El método FAC (SUFORALL, s. f.) podría aplicarse en las ciudades, donde los ciudadanos reciben una formación básica en sostenibilidad, realizan una acción sostenible en su entorno urbano y acreditan su realización dentro de un “ambiente del conocimiento” que favorece la comprensión compartida y la participación activa, obteniendo una certificación que la ciudad puede utilizar para evidenciar que un determinado porcentaje de la población está formado en sostenibilidad.

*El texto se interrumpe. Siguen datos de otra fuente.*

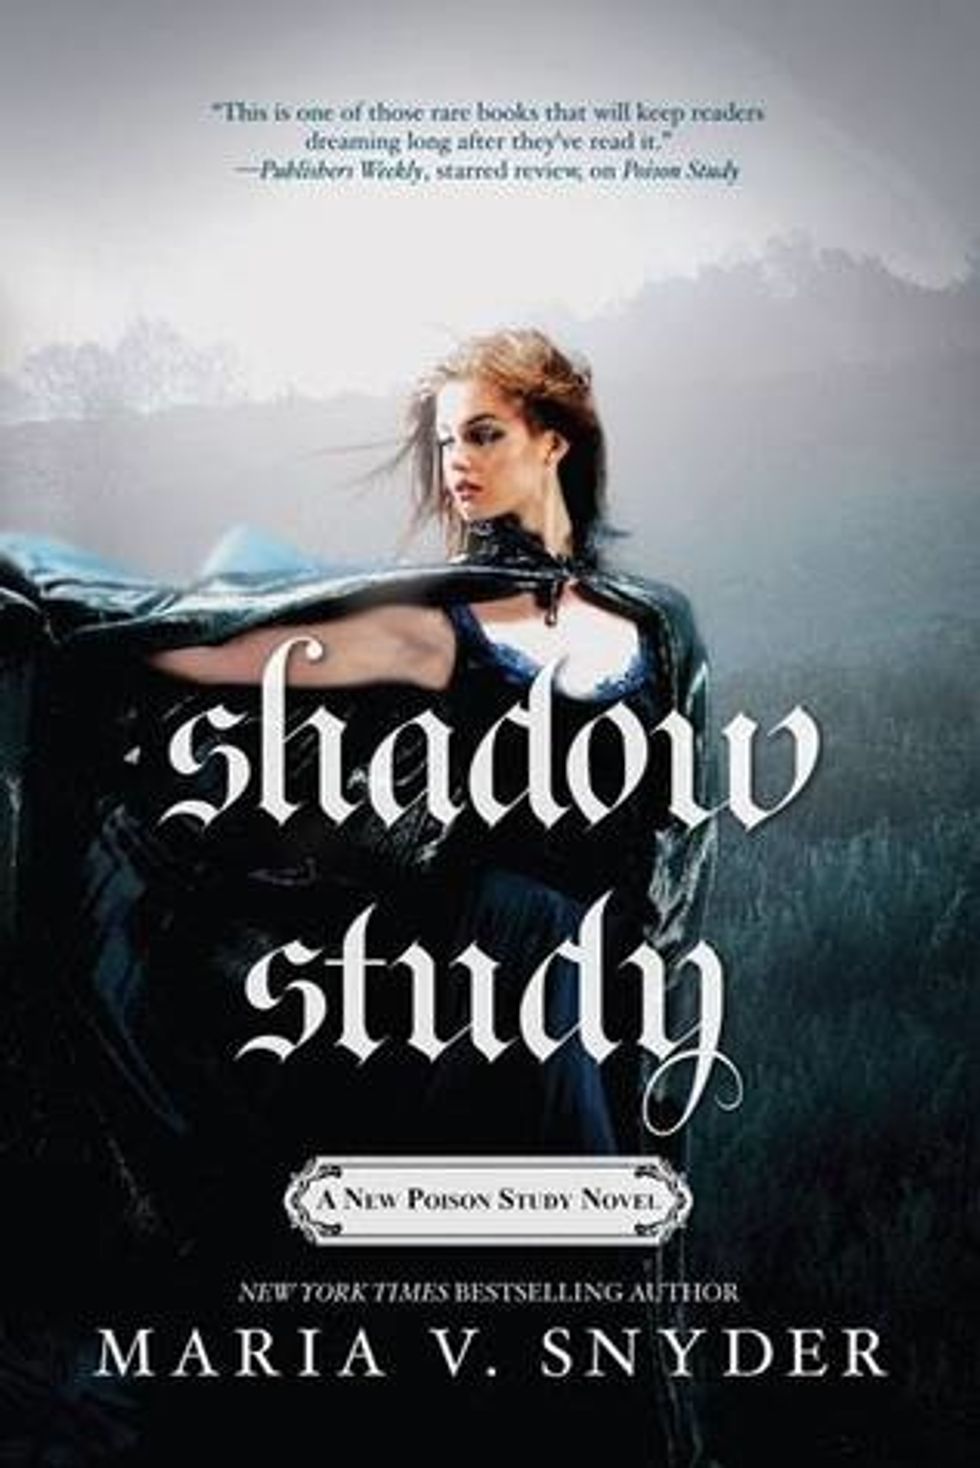 Review of Shadow Study by Maria V. Snyder

Las empresas también se beneficiarían de crear un ambiente del conocimiento en sostenibilidad, ya que esto fortalecería sus procesos internos, fomentaría la participación de todos los empleados y permitiría visibilizar tanto los avances colectivos como el aporte individual de cada persona. En este contexto, el método FAC (Formación‑Acción‑Certificación) ofrece una vía concreta de implementación: en una primera fase, los empleados recibirían una formación básica en sostenibilidad adaptada a las operaciones de la empresa (por ejemplo, consumo energético, gestión de residuos o cadenas de suministro); posteriormente, cada trabajador o equipo desarrollaría una acción específica en su área de trabajo —como reutilizar hojas impresas, evitar vasos desechables, usar medios de transporte sostenibles u optimizar procesos para reducir el consumo energético y la generación de residuos—; y finalmente, estas acciones serían registradas y certificadas internamente, generando evidencia tangible del compromiso organizacional. Este proceso no solo facilita que los propios trabajadores comuniquen y difundan las prácticas sostenibles de la empresa, mejorando su imagen en un contexto donde los consumidores valoran cada vez más la sostenibilidad (Harvard Business Review, 2019), sino que también refuerza el sentido de pertenencia, ya que diversos estudios muestran que los empleados prefieren organizaciones comprometidas con estos valores (IBM Corporate Purpose Study, 2019). De este modo, la sostenibilidad deja de ser responsabilidad exclusiva de un área específica y se integra en toda la organización; así como muchas empresas incluyen formación en seguridad industrial para nuevos empleados, podrían incorporar módulos de sostenibilidad bajo el enfoque FAC como parte de su proceso de integración y desarrollo continuo.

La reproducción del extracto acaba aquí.